(SUPPLIED DATA Opens)

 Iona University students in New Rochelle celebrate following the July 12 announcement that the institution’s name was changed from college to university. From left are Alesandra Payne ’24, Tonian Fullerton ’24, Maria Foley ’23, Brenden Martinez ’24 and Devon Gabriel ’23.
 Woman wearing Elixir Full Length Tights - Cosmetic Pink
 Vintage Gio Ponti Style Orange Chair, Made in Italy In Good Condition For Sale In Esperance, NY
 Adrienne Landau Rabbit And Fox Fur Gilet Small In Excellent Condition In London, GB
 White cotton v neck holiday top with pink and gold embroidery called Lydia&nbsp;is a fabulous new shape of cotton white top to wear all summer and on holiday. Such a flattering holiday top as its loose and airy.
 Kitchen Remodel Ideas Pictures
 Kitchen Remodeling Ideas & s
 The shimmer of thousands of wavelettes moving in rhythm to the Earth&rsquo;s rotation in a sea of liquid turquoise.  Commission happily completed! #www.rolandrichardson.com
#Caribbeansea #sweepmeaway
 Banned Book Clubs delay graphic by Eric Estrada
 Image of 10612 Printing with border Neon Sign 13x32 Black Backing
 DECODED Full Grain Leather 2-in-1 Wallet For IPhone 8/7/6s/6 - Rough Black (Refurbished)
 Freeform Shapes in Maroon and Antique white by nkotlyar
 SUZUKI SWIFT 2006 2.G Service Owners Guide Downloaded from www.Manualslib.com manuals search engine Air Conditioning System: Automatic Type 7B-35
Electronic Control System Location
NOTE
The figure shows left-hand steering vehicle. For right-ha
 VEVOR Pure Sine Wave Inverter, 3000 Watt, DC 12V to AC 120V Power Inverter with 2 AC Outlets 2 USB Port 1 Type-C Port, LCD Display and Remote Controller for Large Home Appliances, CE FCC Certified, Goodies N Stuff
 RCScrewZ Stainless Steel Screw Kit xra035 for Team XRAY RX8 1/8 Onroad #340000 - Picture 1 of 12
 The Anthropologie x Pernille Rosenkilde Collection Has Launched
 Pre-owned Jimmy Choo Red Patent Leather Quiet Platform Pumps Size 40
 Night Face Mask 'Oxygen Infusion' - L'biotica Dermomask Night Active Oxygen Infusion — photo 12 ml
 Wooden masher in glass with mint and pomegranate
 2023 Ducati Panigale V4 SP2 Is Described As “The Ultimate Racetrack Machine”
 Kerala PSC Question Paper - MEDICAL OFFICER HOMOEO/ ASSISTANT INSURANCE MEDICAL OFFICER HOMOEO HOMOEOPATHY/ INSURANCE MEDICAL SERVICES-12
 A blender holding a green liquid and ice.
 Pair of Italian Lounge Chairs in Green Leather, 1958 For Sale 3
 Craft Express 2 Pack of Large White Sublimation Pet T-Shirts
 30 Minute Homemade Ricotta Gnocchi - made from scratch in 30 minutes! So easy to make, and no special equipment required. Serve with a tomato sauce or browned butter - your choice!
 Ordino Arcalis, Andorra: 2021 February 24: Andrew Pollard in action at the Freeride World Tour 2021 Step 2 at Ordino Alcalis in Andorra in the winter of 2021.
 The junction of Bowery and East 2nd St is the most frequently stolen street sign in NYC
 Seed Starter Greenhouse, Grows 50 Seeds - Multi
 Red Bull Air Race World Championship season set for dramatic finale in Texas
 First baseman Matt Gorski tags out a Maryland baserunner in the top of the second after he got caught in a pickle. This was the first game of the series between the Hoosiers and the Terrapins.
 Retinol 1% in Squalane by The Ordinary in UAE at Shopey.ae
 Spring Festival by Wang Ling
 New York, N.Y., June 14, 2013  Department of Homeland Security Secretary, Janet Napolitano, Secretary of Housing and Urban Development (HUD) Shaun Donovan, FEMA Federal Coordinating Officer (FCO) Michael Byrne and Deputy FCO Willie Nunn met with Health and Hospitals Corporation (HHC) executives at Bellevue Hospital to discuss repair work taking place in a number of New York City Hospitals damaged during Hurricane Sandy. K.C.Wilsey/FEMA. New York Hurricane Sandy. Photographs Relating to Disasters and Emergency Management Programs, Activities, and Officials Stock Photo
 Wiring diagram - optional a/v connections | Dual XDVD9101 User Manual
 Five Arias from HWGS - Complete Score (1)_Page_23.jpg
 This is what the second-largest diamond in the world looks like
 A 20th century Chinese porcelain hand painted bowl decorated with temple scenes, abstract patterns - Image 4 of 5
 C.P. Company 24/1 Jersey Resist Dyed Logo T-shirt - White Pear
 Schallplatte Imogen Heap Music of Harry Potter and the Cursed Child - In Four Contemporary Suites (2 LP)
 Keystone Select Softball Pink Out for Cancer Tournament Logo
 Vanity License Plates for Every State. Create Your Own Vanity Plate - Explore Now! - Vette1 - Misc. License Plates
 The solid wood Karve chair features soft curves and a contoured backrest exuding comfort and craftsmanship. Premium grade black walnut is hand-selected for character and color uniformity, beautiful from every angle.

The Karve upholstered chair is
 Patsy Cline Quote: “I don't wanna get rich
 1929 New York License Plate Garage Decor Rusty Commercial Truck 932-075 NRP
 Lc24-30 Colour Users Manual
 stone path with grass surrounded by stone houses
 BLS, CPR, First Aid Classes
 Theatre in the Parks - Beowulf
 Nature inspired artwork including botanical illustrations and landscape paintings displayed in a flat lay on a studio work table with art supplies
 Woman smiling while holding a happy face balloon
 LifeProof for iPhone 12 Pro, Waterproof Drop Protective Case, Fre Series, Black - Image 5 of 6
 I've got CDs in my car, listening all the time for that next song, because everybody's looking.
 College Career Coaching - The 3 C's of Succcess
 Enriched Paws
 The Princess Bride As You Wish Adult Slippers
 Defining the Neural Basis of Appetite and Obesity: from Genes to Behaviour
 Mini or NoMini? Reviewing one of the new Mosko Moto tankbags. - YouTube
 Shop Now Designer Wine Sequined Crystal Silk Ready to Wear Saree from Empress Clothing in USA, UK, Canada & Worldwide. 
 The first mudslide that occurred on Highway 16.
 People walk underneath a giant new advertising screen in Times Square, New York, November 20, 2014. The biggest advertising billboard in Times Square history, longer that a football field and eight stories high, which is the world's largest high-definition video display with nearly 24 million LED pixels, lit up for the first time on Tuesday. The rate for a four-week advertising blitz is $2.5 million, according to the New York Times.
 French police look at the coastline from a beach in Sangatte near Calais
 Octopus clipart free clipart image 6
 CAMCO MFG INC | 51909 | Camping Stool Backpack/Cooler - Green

(SUPPLIED DATA Closes)

• **WHAT THE TASK REQUIRES**:
Using the entries above, give again exactly the lines from the line holding "RCScrewZ Stainless Steel" through the line holding "Spring Festival by Wang Ling". Include both end lines and nothing else.

• **RESULT**:
 RCScrewZ Stainless Steel Screw Kit xra035 for Team XRAY RX8 1/8 Onroad #340000 - Picture 1 of 12
 The Anthropologie x Pernille Rosenkilde Collection Has Launched
 Pre-owned Jimmy Choo Red Patent Leather Quiet Platform Pumps Size 40
 Night Face Mask 'Oxygen Infusion' - L'biotica Dermomask Night Active Oxygen Infusion — photo 12 ml
 Wooden masher in glass with mint and pomegranate
 2023 Ducati Panigale V4 SP2 Is Described As “The Ultimate Racetrack Machine”
 Kerala PSC Question Paper - MEDICAL OFFICER HOMOEO/ ASSISTANT INSURANCE MEDICAL OFFICER HOMOEO HOMOEOPATHY/ INSURANCE MEDICAL SERVICES-12
 A blender holding a green liquid and ice.
 Pair of Italian Lounge Chairs in Green Leather, 1958 For Sale 3
 Craft Express 2 Pack of Large White Sublimation Pet T-Shirts
 30 Minute Homemade Ricotta Gnocchi - made from scratch in 30 minutes! So easy to make, and no special equipment required. Serve with a tomato sauce or browned butter - your choice!
 Ordino Arcalis, Andorra: 2021 February 24: Andrew Pollard in action at the Freeride World Tour 2021 Step 2 at Ordino Alcalis in Andorra in the winter of 2021.
 The junction of Bowery and East 2nd St is the most frequently stolen street sign in NYC
 Seed Starter Greenhouse, Grows 50 Seeds - Multi
 Red Bull Air Race World Championship season set for dramatic finale in Texas
 First baseman Matt Gorski tags out a Maryland baserunner in the top of the second after he got caught in a pickle. This was the first game of the series between the Hoosiers and the Terrapins.
 Retinol 1% in Squalane by The Ordinary in UAE at Shopey.ae
 Spring Festival by Wang Ling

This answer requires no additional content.